Entries provided:
------------
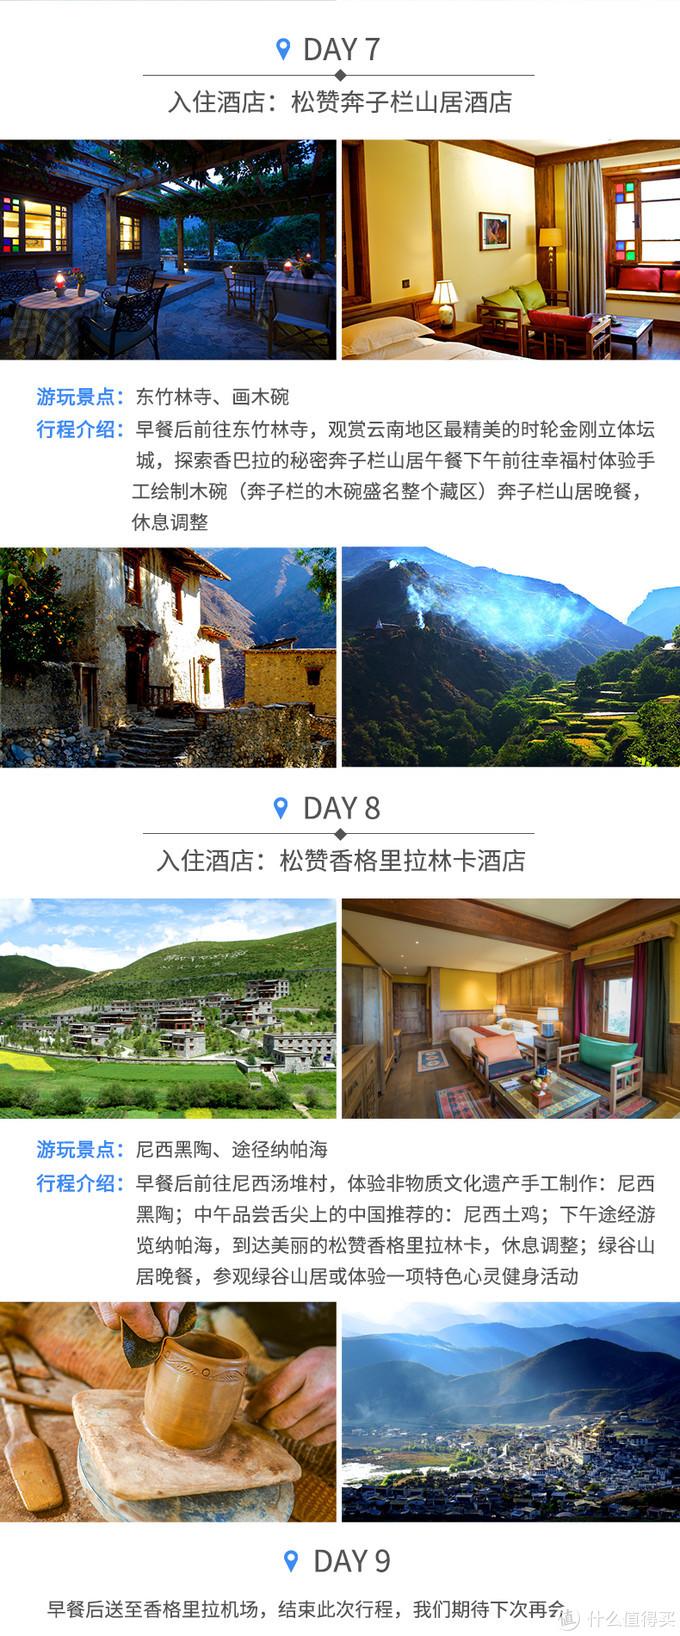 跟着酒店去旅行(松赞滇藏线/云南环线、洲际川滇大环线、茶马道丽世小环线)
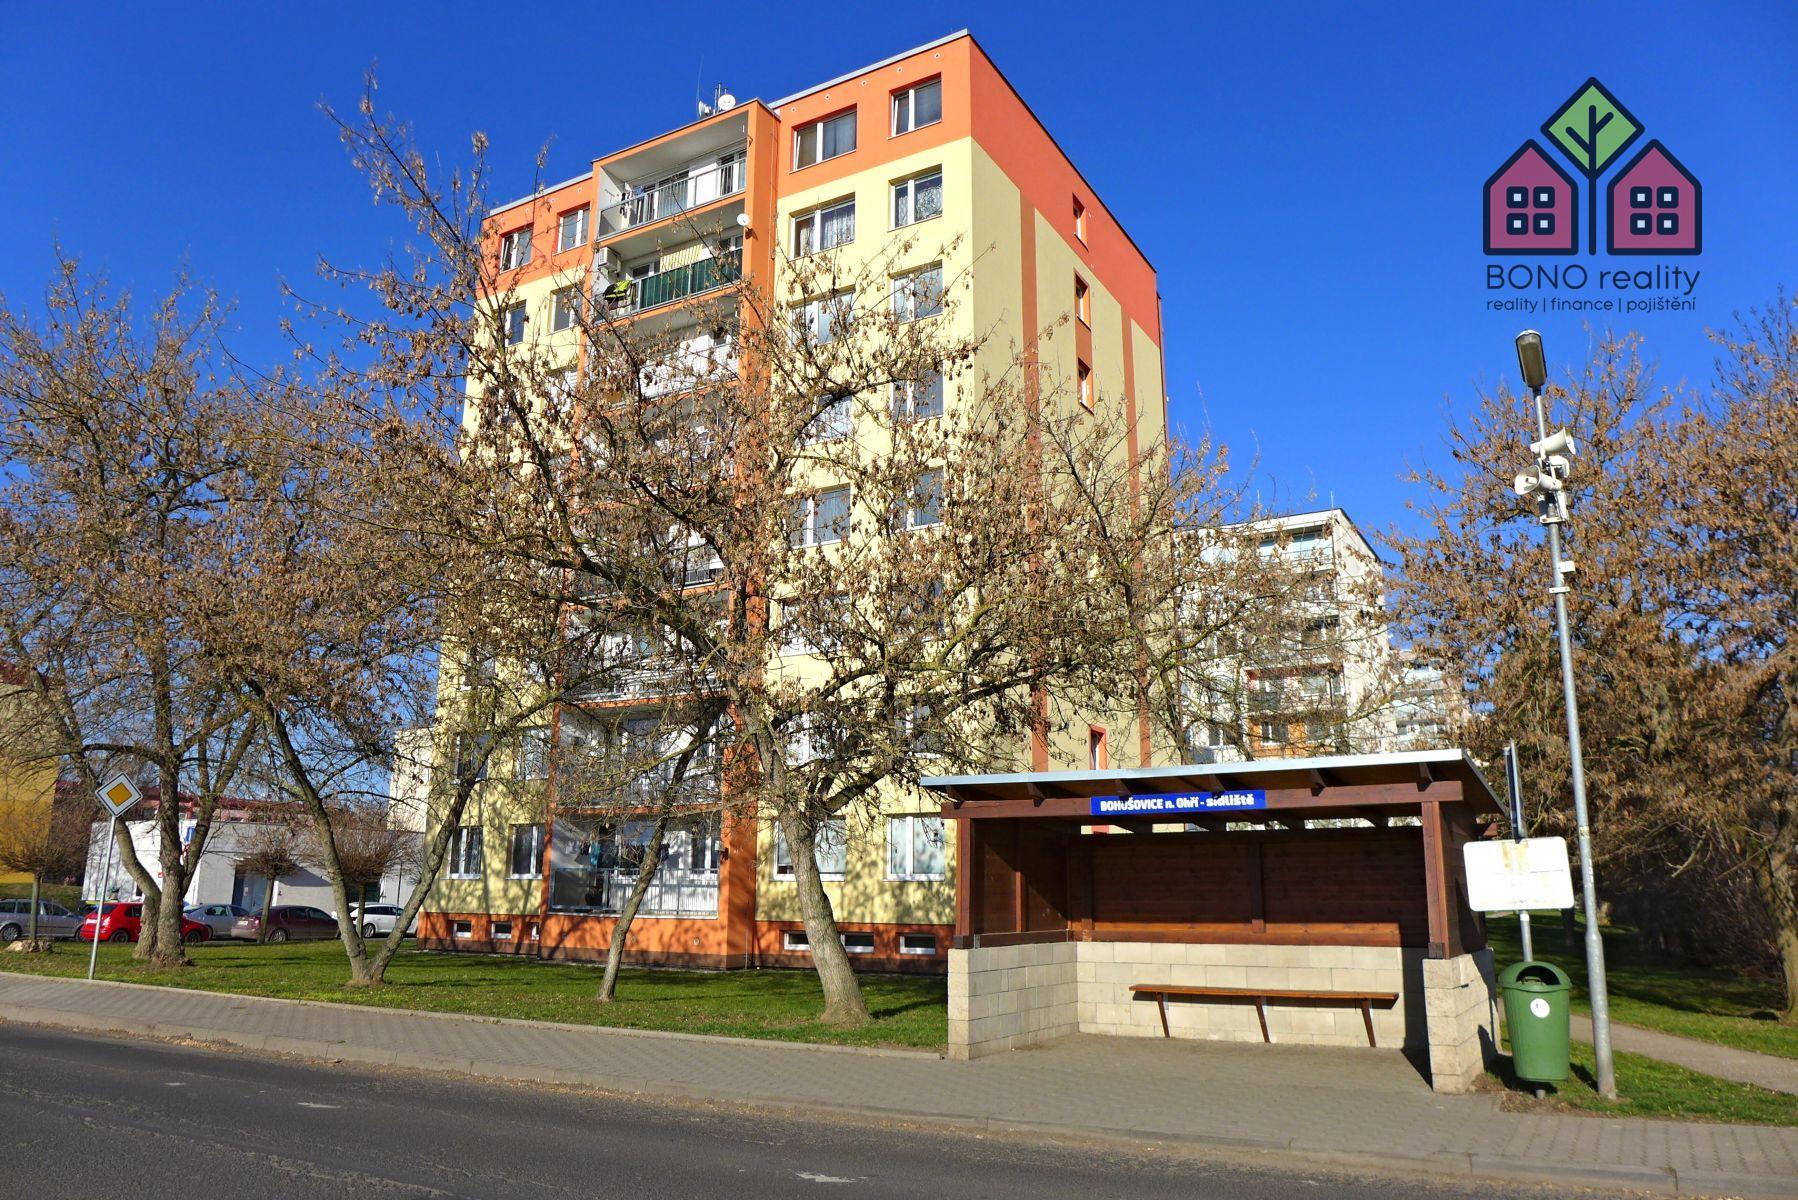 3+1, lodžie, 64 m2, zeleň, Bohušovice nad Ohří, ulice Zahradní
------------
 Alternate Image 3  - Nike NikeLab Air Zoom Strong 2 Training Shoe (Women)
------------
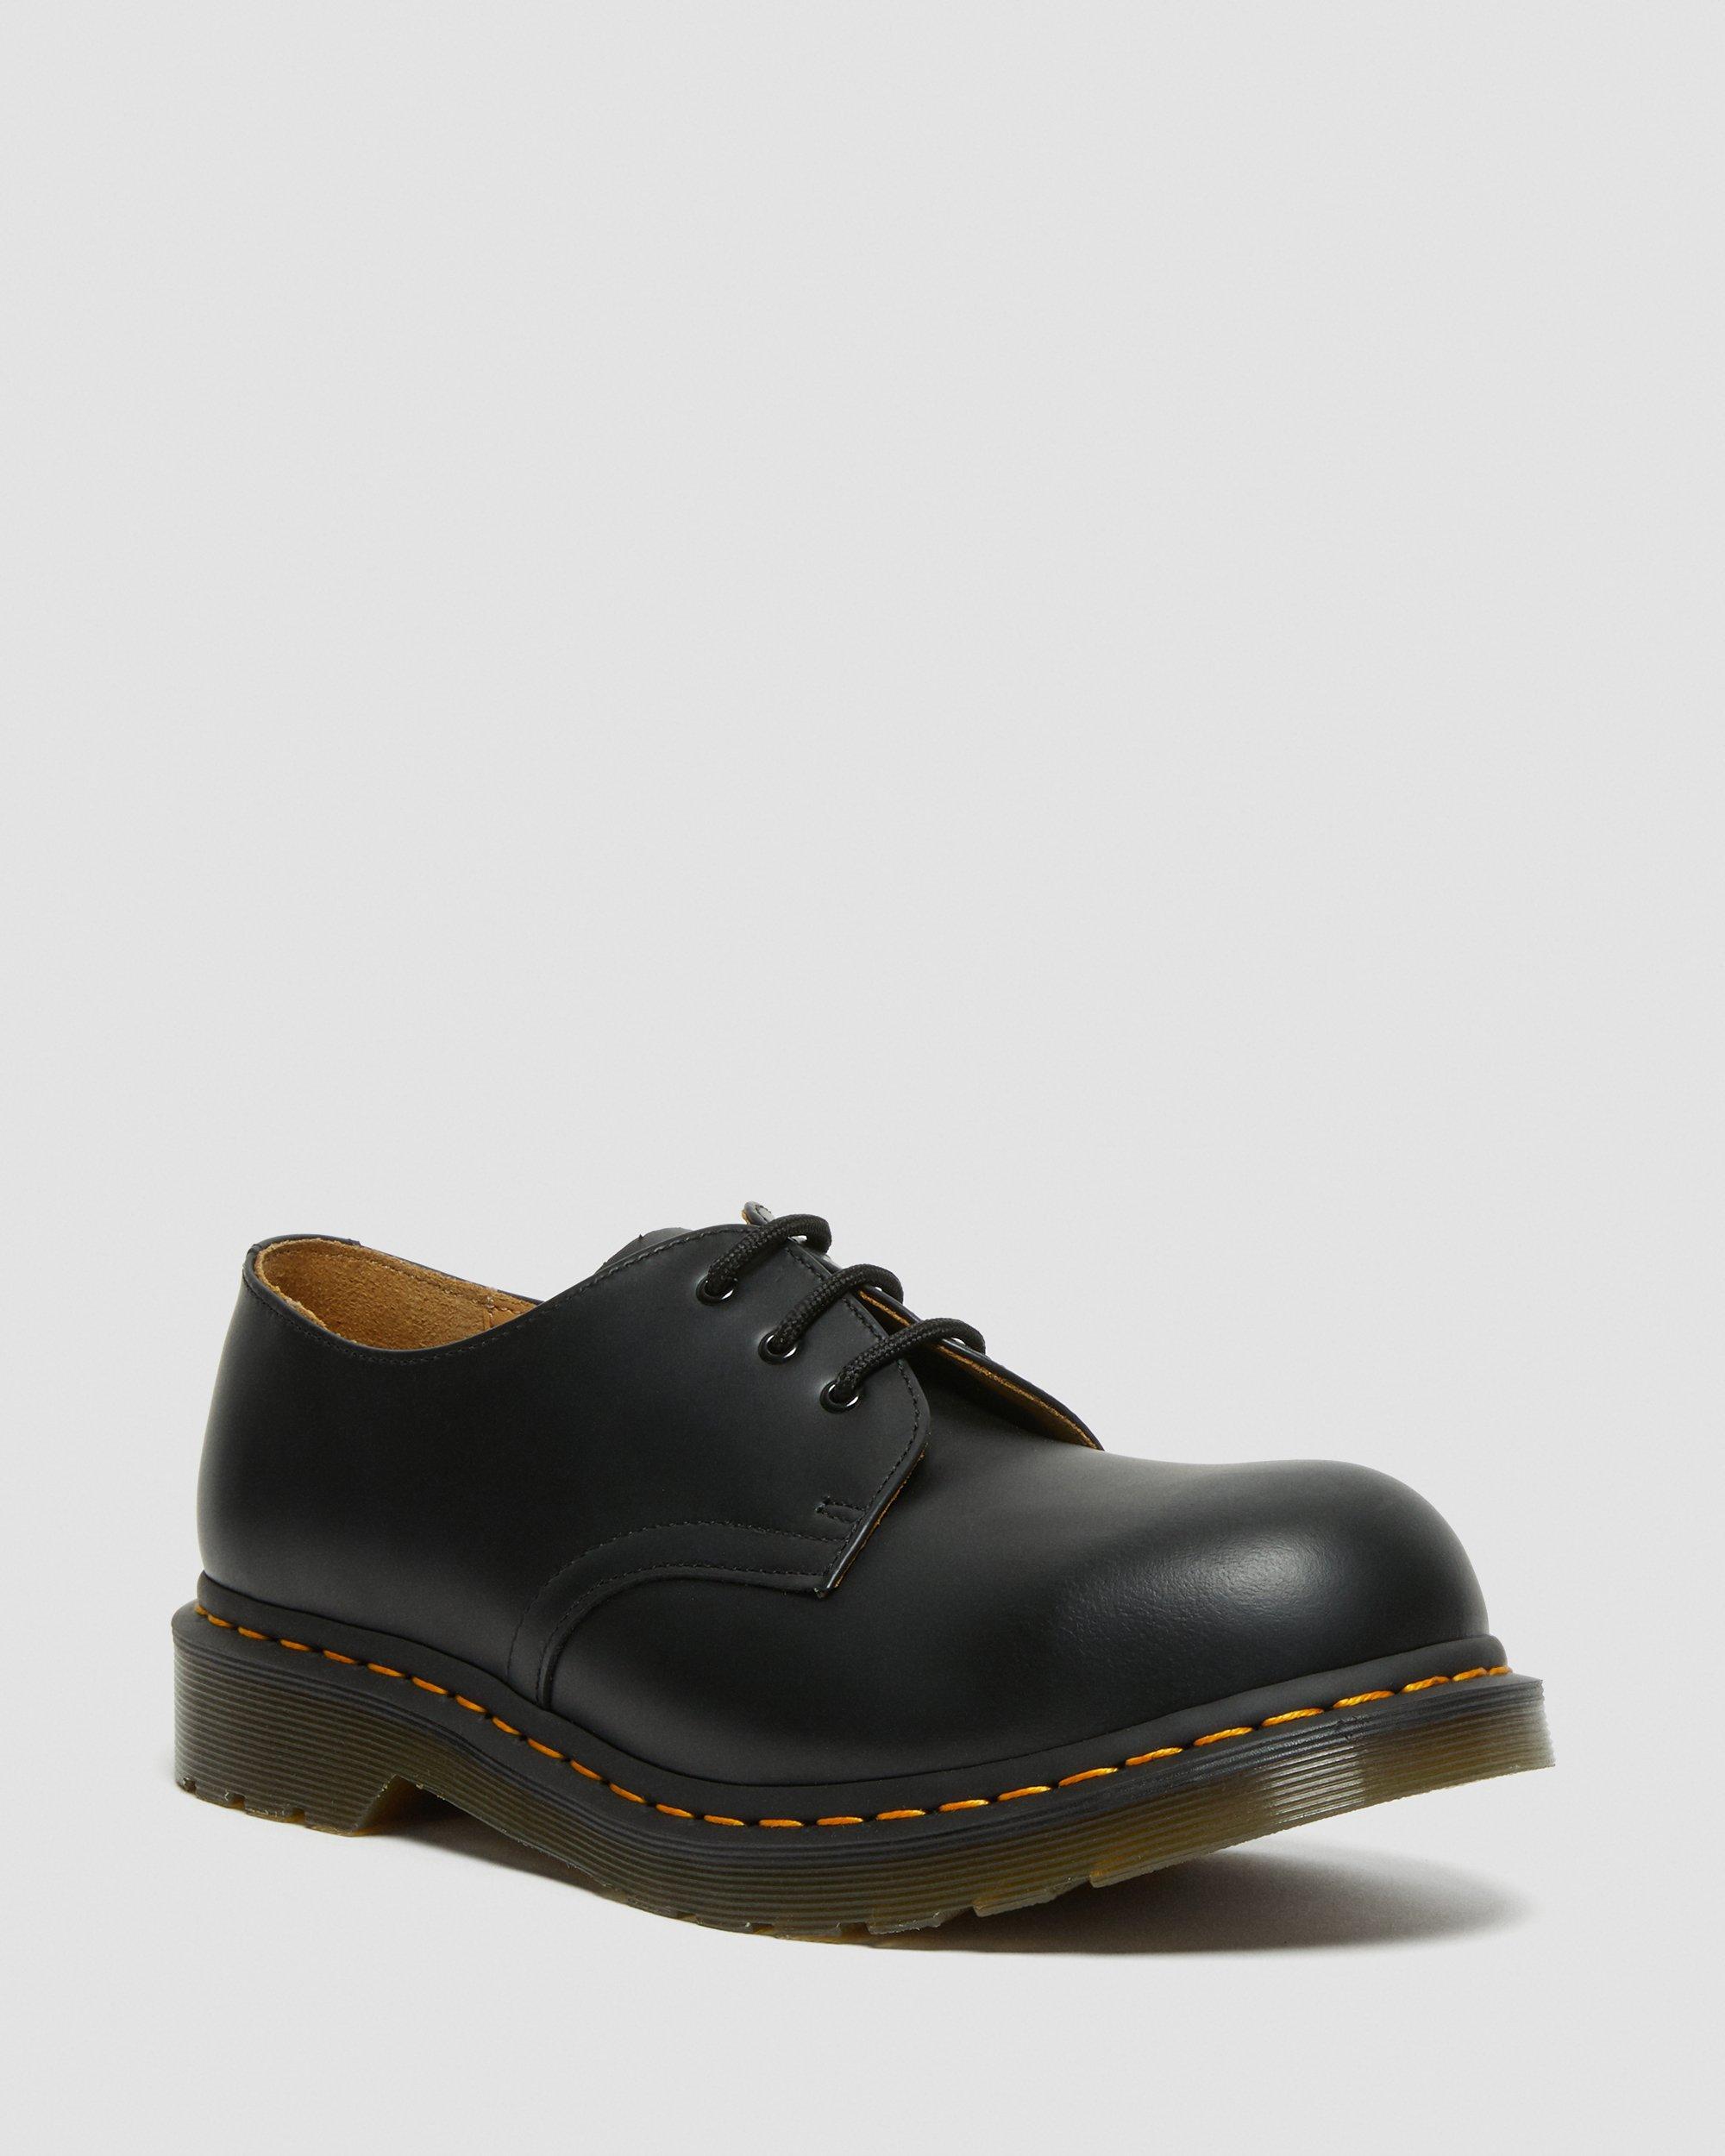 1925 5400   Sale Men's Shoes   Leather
------------
The task:
Take the material above and output only the lines from the one that contains "跟着酒店去旅行(松赞滇藏线/云南环线、洲际川滇大环线、茶马道丽世小环线)" through the one that contains "3+1, lodžie, 64", ends included and images left out.

Task response:
 跟着酒店去旅行(松赞滇藏线/云南环线、洲际川滇大环线、茶马道丽世小环线)
 3+1, lodžie, 64 m2, zeleň, Bohušovice nad Ohří, ulice Zahradní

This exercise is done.